Sejak kecil, orangtuaku mengajarkan untuk beramal—sedikit banyak rejeki yang kita terima. Aku ingat bagaimana orangtuaku mengajariku di setiap Rupiah yang kita punya ada 2,5% hak orang lain yang lebih membutuhkan. Selain dengan lisan, orangtuaku menunjukkannya dengan perbuatan, sehingga nilai itu begitu meresap di hati. Oleh karena itu, pos prioritas THR adalah zakat fitrah, zakat penghasilan, serta THR orang-orang yang bekerja membantu kita, misalnya asisten rumah tangga. Diperkirakan pos ini akan memakan 15% dari total THR. Untuk mempermudah pembagiannya, kuterapkan sistem amplop. Aku membuat pemetaan asumsi nominal untuk pos-pos tersebut, lalu memasukkan uangnya ke dalam amplop. Cara ini mempermudahkanku mengendalikan cash flow.
#ResolusiLebaranku berikutnya adalah mudik ke kampung halaman. Sebagai anak rantau, mudik merupakan momen dinanti untuk berkumpul bersama.
Untuk pos ini, aku mengatur maksimal 60% dari total THR. Sayangnya, harga tiket yang melambung tinggi pada arus mudik dan arus balik, membuatku kesulitan mengatur alokasi dana mudik. Kusiasati dengan memesan tiket pesawat 2-3 bulan sebelum tanggal keberangkatan. Kugunakan kartu kredit untuk membelinya secara online sebelum THR turun. Beruntung, aku bisa memperoleh tiket dengan harga di bawah perkiraan. Selain tiket lebaran, budget angpau kepada keponakan, hantaran untuk keluarga, baju baru, dan keperluan lebaran lainnya masuk pada pos ini. Apabila over-budget, ada solusi menggunakan tabungan dana darurat atau gadai barang. Dengan begini, aku tidak perlu memiliki utang tambahan setelah lebaran selesai.
Nah, sisa 25%-nya bisa dipecah menjadi dua bagian, yaitu membayar utang (15%) dan menambah dana investasi (10%). Untungnya, tahun ini aku tidak memiliki utang. Bahkan tagihan Kartu Kredit untuk membeli tiket masih jadi bagian dana mudik yang 60% tadi. Sisa dana 25% ini bisa langsung dialokasikan untuk investasi. Kali ini aku berencana untuk menambah nominal dana darurat, yang merupakan #ResolusiLebaranku yang ketiga.

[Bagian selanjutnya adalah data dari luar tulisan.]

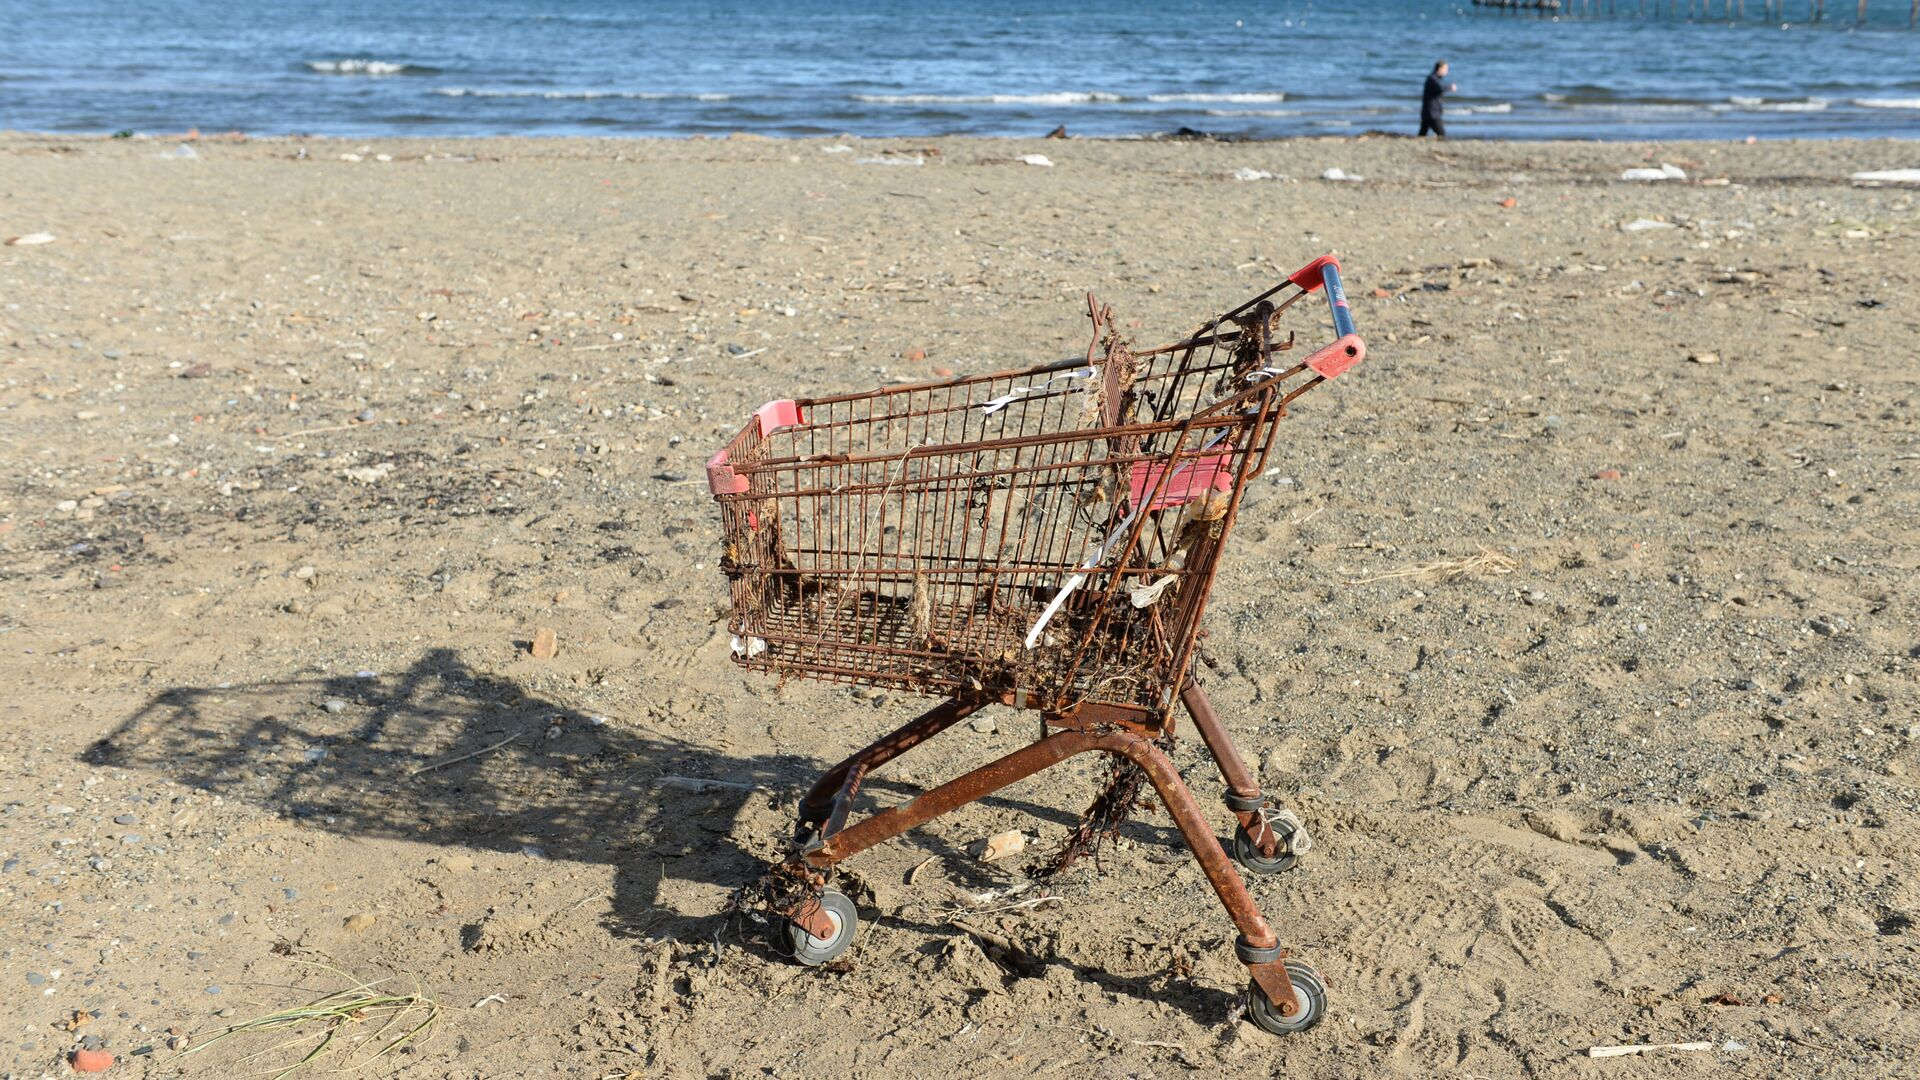 Un carrello arrugginito su una spiaggia - Sputnik Italia, 1920, 12.05.2021

Kerennya, situs Cermati memberikan informasi perbandingan produk-produk perbankan, mulai dari tabungan, deposito, kartu kredit, sampai aneka kredit. Aku jadi tahu deposito dan tabungan mana yang memberikan bunga maksimal sehingga investasiku terus berkembang. Ada juga info aneka kredit, di mana tersedia info rate bunga, persyaratan, dan simulasi lengkap dari beragam bank di Indonesia. Data di situs Cermati sangat membantuku membuat keputusan finansial. Makanya saat kumpul keluarga, aku tak segan bercerita pada keluarga dan sahabat mengenai fitur di Cermati. Sepupuku yang berencana mengambil KPR, adikku yang hendak membeli mobil, dan Budhe yang tengah bingung hendak membuka deposito di mana, semuanya jadi tahu. Mudah sekali, hanya tinggal klik situs www.cermati.com dan segala informasi tersaji di sana. Situs ini nyaman diakses secara mobile sehingga praktis. Memutuskan produk perbankan mana yang dipilih menjadi lebih mudah dan aman.

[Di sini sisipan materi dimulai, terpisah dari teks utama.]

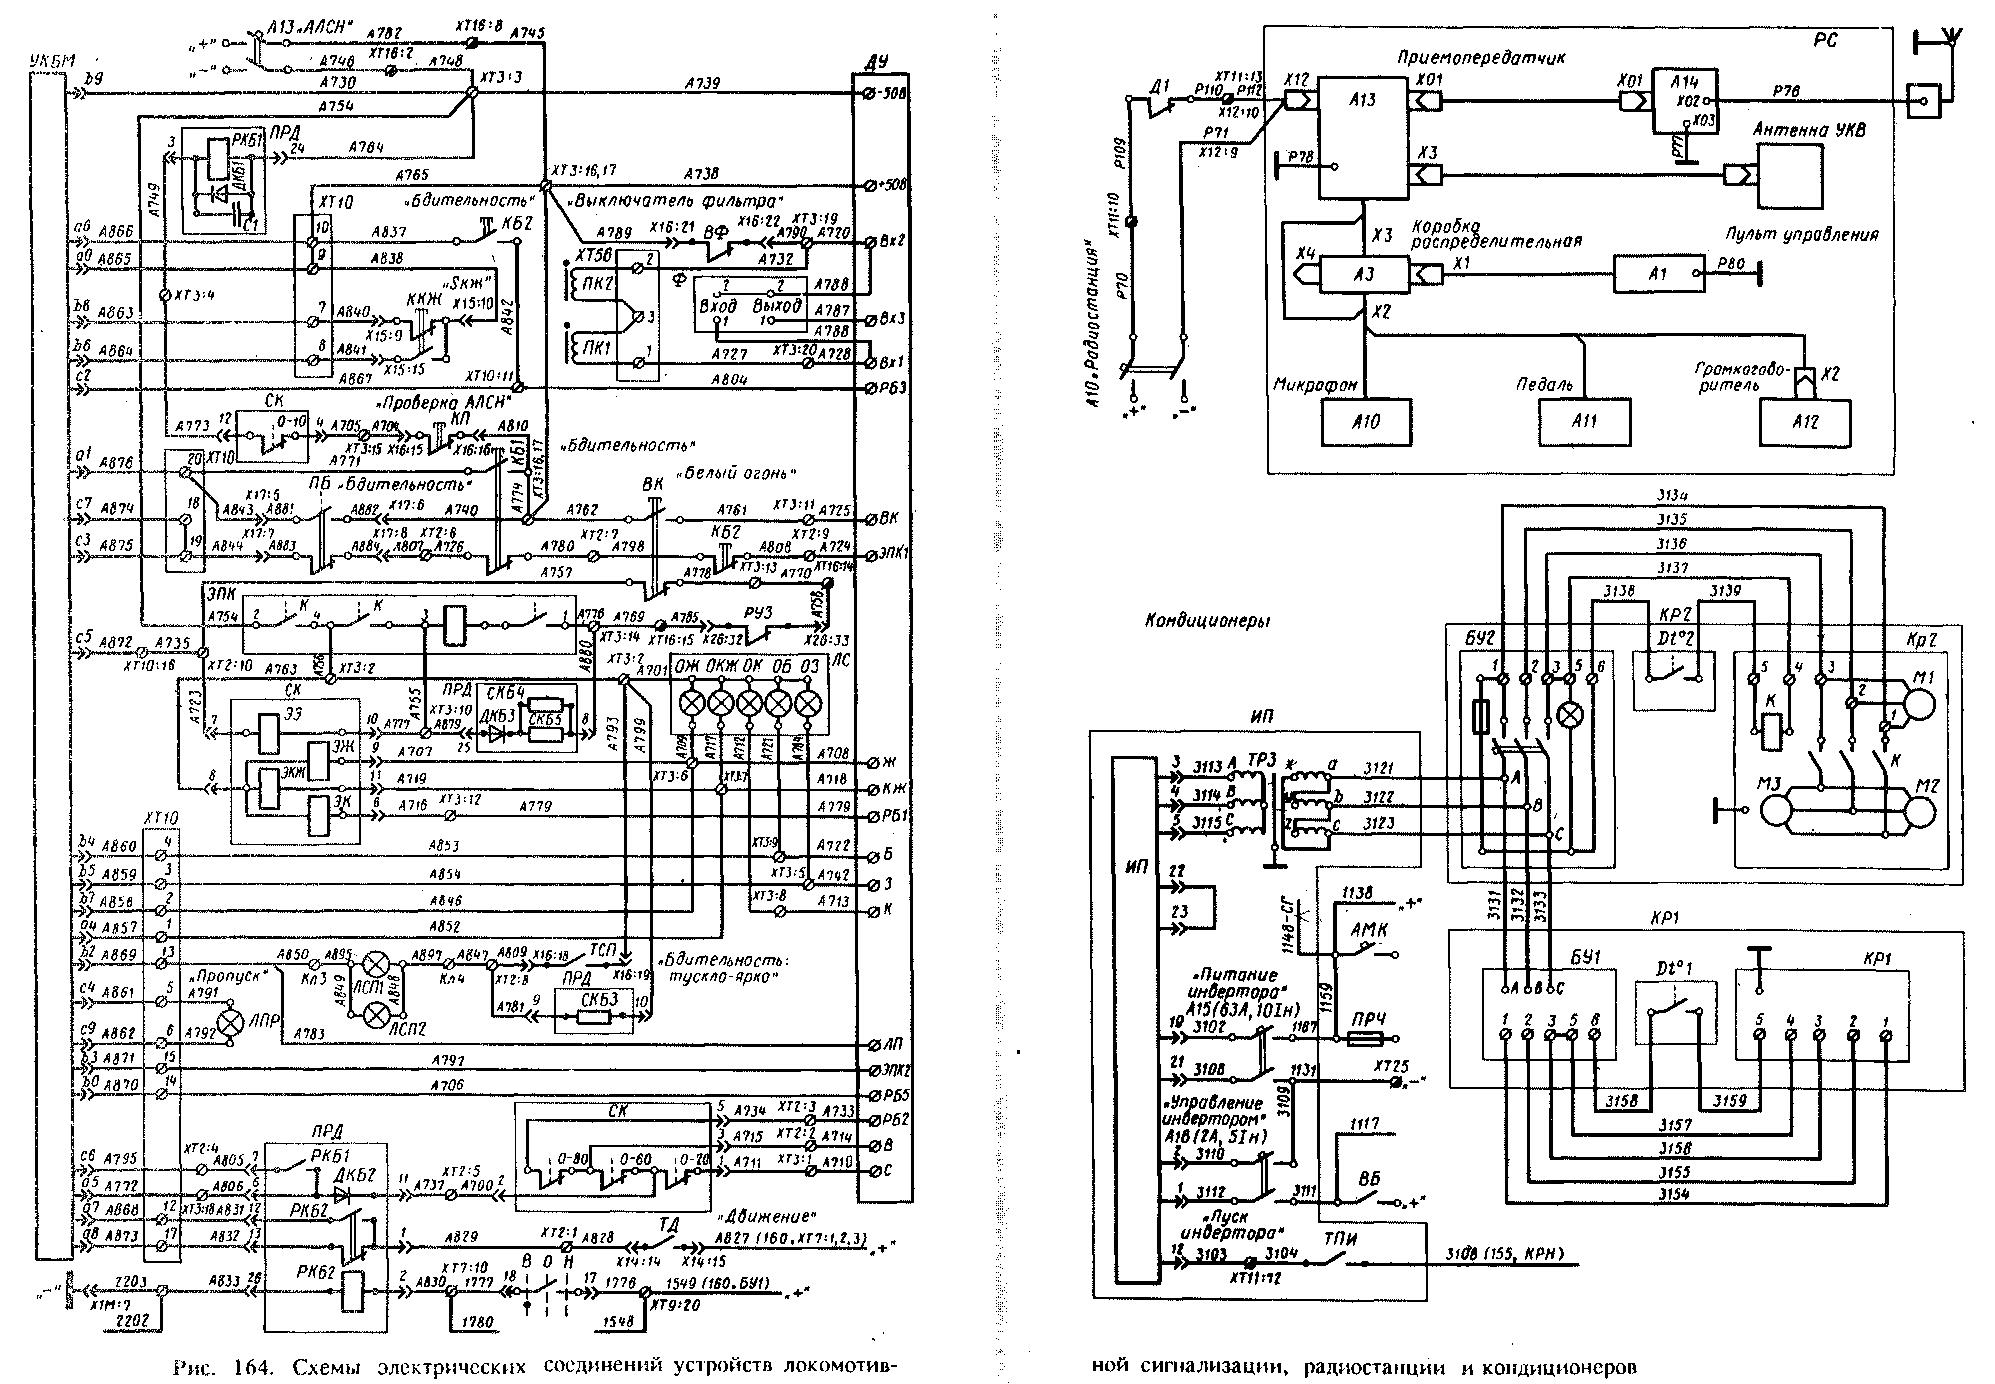 Аварийная схема тепловоза 2тэ116

Lebaran kali ini, aku bersyukur #ResolusiLebaranku tercapai karena pengaturan yang cermat. Selain itu, aku belajar bahwa berbagi itu indah. Dengan berbagi, hati kita menjadi lebih kaya dan bahagia. Dari Cermati pula, aku sadar bahwa berbagi tak hanya dengan uang. Ilmu dan informasi menjadi tak kalah berharganya, untuk dibagi kepada sesama.